Key Takeaways
- From the CIO’s desk: A clear articulation of how and why we invest the way we do.
- Targeted credit strategy: Short-term, asset-backed lending focused on cash flow and capital protection.
- Discipline over hype: We prioritise underwriting strength, over-collateralisation, and capital efficiency.
- No equity-style risk: Returns are structured, contractual, and predictable — built for clarity, not speculation.
- Built for cycles: Our model thrives during economic dislocation when capital is scarce and pricing power is strong.
- For aligned partners: A strategy for investors who value control, transparency, and measurable outcomes.
Our Investment Strategy
As investors and sponsors, we focus our strategy on simple credit deals. We look to syndicate and partner with investors who share our philosophy and bring meaningful deals to the market.
Our experience lies in finance; non-bank financial institutions (NBFIs) looking to raise capital to onward lend to consumers, corporates, debt purchase — anything with an immediate cash flow.

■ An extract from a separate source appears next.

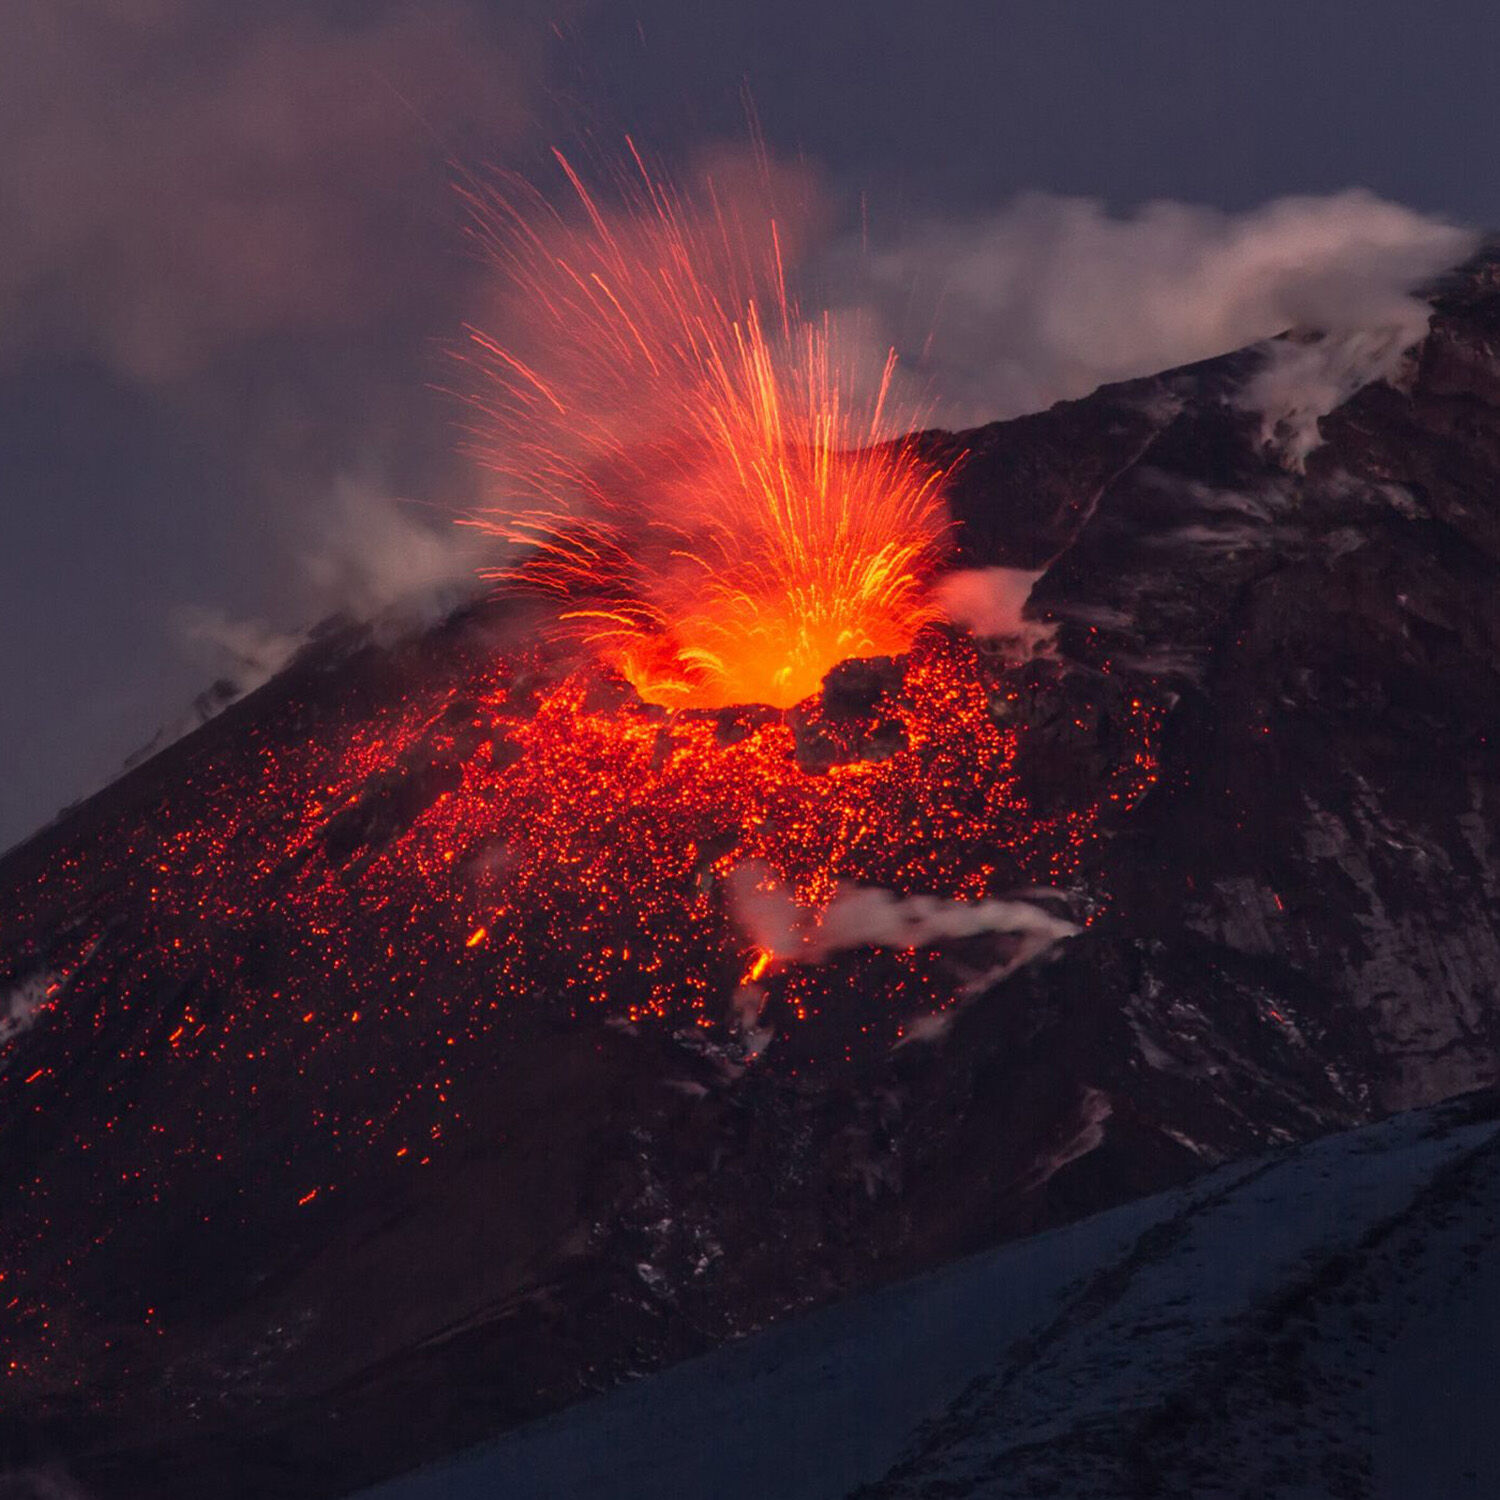 An erupting volcano - the miracle diamond creation

We focus on this strategy because it achieves two main objectives we believe everybody should look for in an investment: instant security over assets (i.e. loan books) and immediate cash flow generation.
The growth-stage, NBFIs have an advantage that sets them aside from most other growth-stage businesses — they can very quickly become cash flow positive.
We are not in the business of ten-year investment horizons; we leave that to the private equity sector. Private credit should be designed to be short-term, cheaper than equity (in the long term), but more expensive than public debt.
Origination
We choose to support companies with strong underwriting criteria, and we have a particular affinity for non-performing loans (NPLs), distressed or defaulted assets. Why is this? Income generation and capital growth.
We assess the underlying asset quality — but more importantly, the underwriting discipline. We measure less by traditional metrics and more by the institution’s ability to source, price, and manage the asset. The value lies in the purchasing power and the repeatability and scalability of the underwriting process.
Downside Protection
We manage downside protection by targeting over-collateralisation and minimising non-asset-bearing payments made from investor capital, such as operational expenditure.
The credit line should be used predominantly for revenue-generating activity, not overhead. This ensures the deployment of capital is efficient and directly linked to cash-generating assets for recourse directly to investors in the event of default. Moreover, we maintain active oversight during the term of the investment to monitor collateral values and ensure covenant discipline.
Predictable Upside
Our return expectations are defined upfront, with clearly structured terms and contracted yields. Predictability is essential, we are not looking for asymmetric equity-style outcomes.
We seek yield, not speculation. Therefore, we focus on structures that offer contractual interest payments, secured principal, and a defined exit timeline.
Where relevant, we also incorporate profit-share elements — but only where the base case return remains strong and independent of those variables.
Macroeconomic Factors
We build strategies that are macro-resilient, meaning they are designed to operate under various any economic conditions. In an environment of rising rates and tightening liquidity, we find opportunities where traditional capital sources retreat.
NBFIs often gain market share during dislocations, and we look to deploy capital in these cycles when pricing power is highest, and competition is weakest.
Our conservative underwriting, focus on cash generative assets, and active partnership model means we are well-positioned across economic cycles, not just during the bull phase.
Summary - Investment Strategy:
We identify attractive, risk-adjusted opportunities from the UK, Europe, and North America that meet the following criteria:
- Company Type: Growth stage businesses with £1m to £5m EBITDA
- Geography: UK, Europe or North America
- Asset Type: Agnostic; tangible asset purchasing strategy, focused on non-bank financial institutions (NBFIs)
- Ownership: Private equity-backed or privately owned
- Issuance Size: Debt facilities ranging from £5m to £20m
- Investment Terms: 12–36-months
- Asset Coverage: Starting from 70%
- Returns: Risk-adjusted
- Investment Structure: Credit Linked Note
To Summarise
Private credit, when executed with discipline and focus, offers one of the most compelling value propositions in modern finance — yield, security, and liquidity.
Our strategy is built for institutions and individuals who value transparency, control, and measurable returns. We do not chase risk, but we know how to price it.
We are not generalists — we are specialists in short-duration, cash-yielding, asset-backed lending. That is our edge.